The easiest homemade bread recipe ever.

Serves: 4-6
Prep Time: 30 minutes, plus 8-hour proof and cooling
Cook Time: 45 minutes
Ingredients:
1 ¼ cups (315g) water, lukewarm (90-100°F, 32-37°C)
3/4 teaspoon (5g) active dry yeast
3 cups (450g) bread flour
1 ½ teaspoons (6g) fine sea salt
Method:
In a large mixing bowl, add your flour and salt and mix by hand to combine.
In a separate bowl, or directly in your measuring cup, mix the yeast into the water until combined. Make sure you see some foam to know your yeast is alive.
Pour the yeasty water into your dry ingredients and using your hands in the shape of a claw, mix until combined and a shaggy dough has formed. It may be stickier than you are used to, but keep mixing until all the flour is absorbed.

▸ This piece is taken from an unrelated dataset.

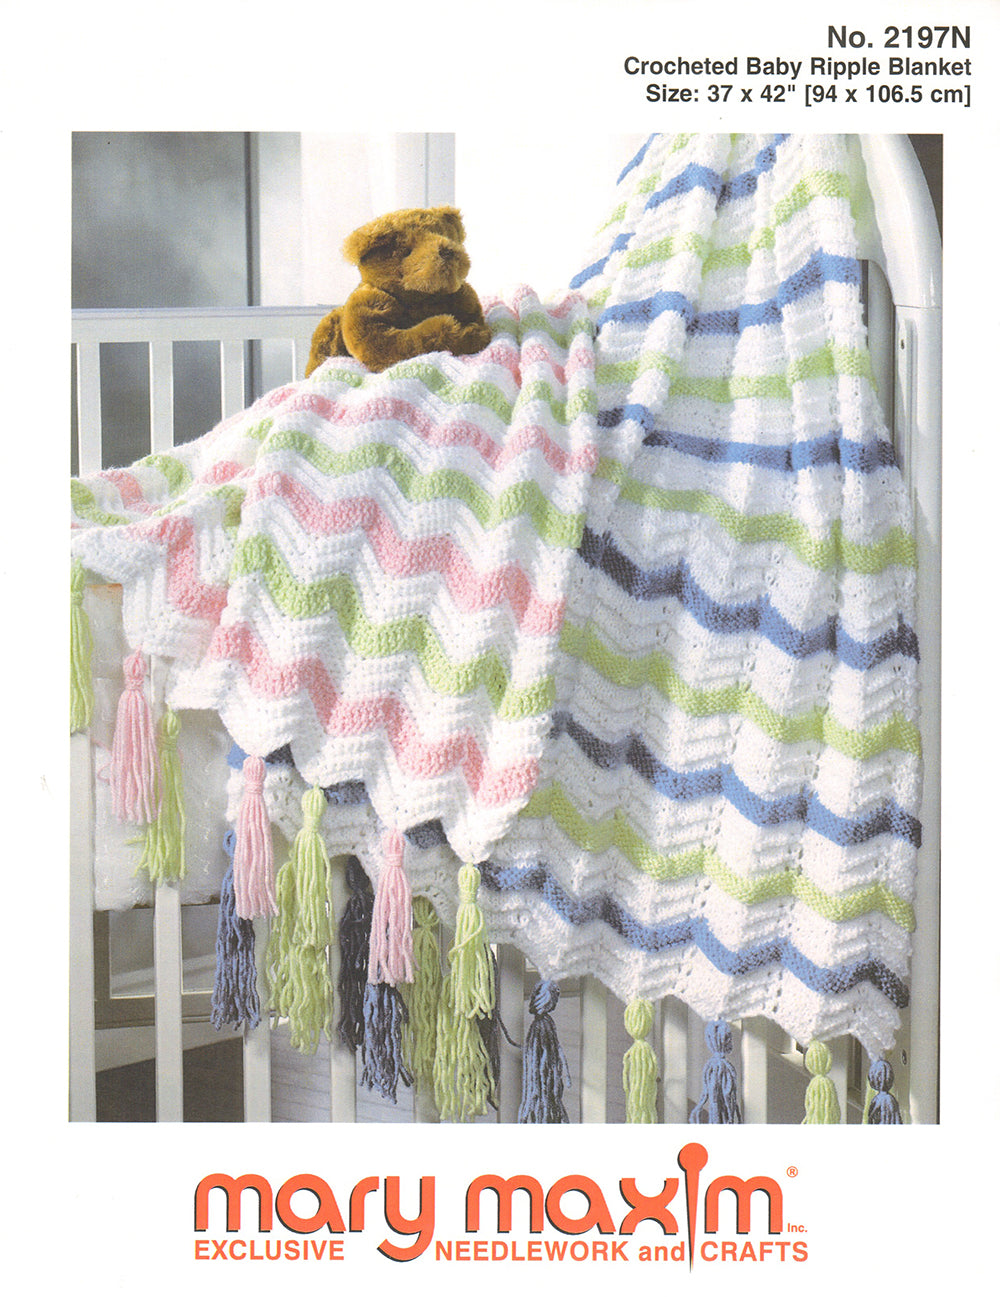 Free Crochet Baby Ripple Blanket Pattern

Cover the bowl tightly with plastic wrap and keep at room temperature for 8 hours to let it rise.
Place a large Dutch oven or cast iron pot into the oven and heat at 500°F (260°C) for 30 minutes or up to an hour. Remove your pot from the oven and dust the bottom with flour. Carefully place your dough ball in the pot, being very careful not to burn yourself.
Place the lid on the pot and bake for 20-25 minutes. Then reduce the oven temperature to 425°F (218°C) and bake for 15-20 minutes more or until deeply browned.
Remove and allow to cool completely before cutting and enjoying.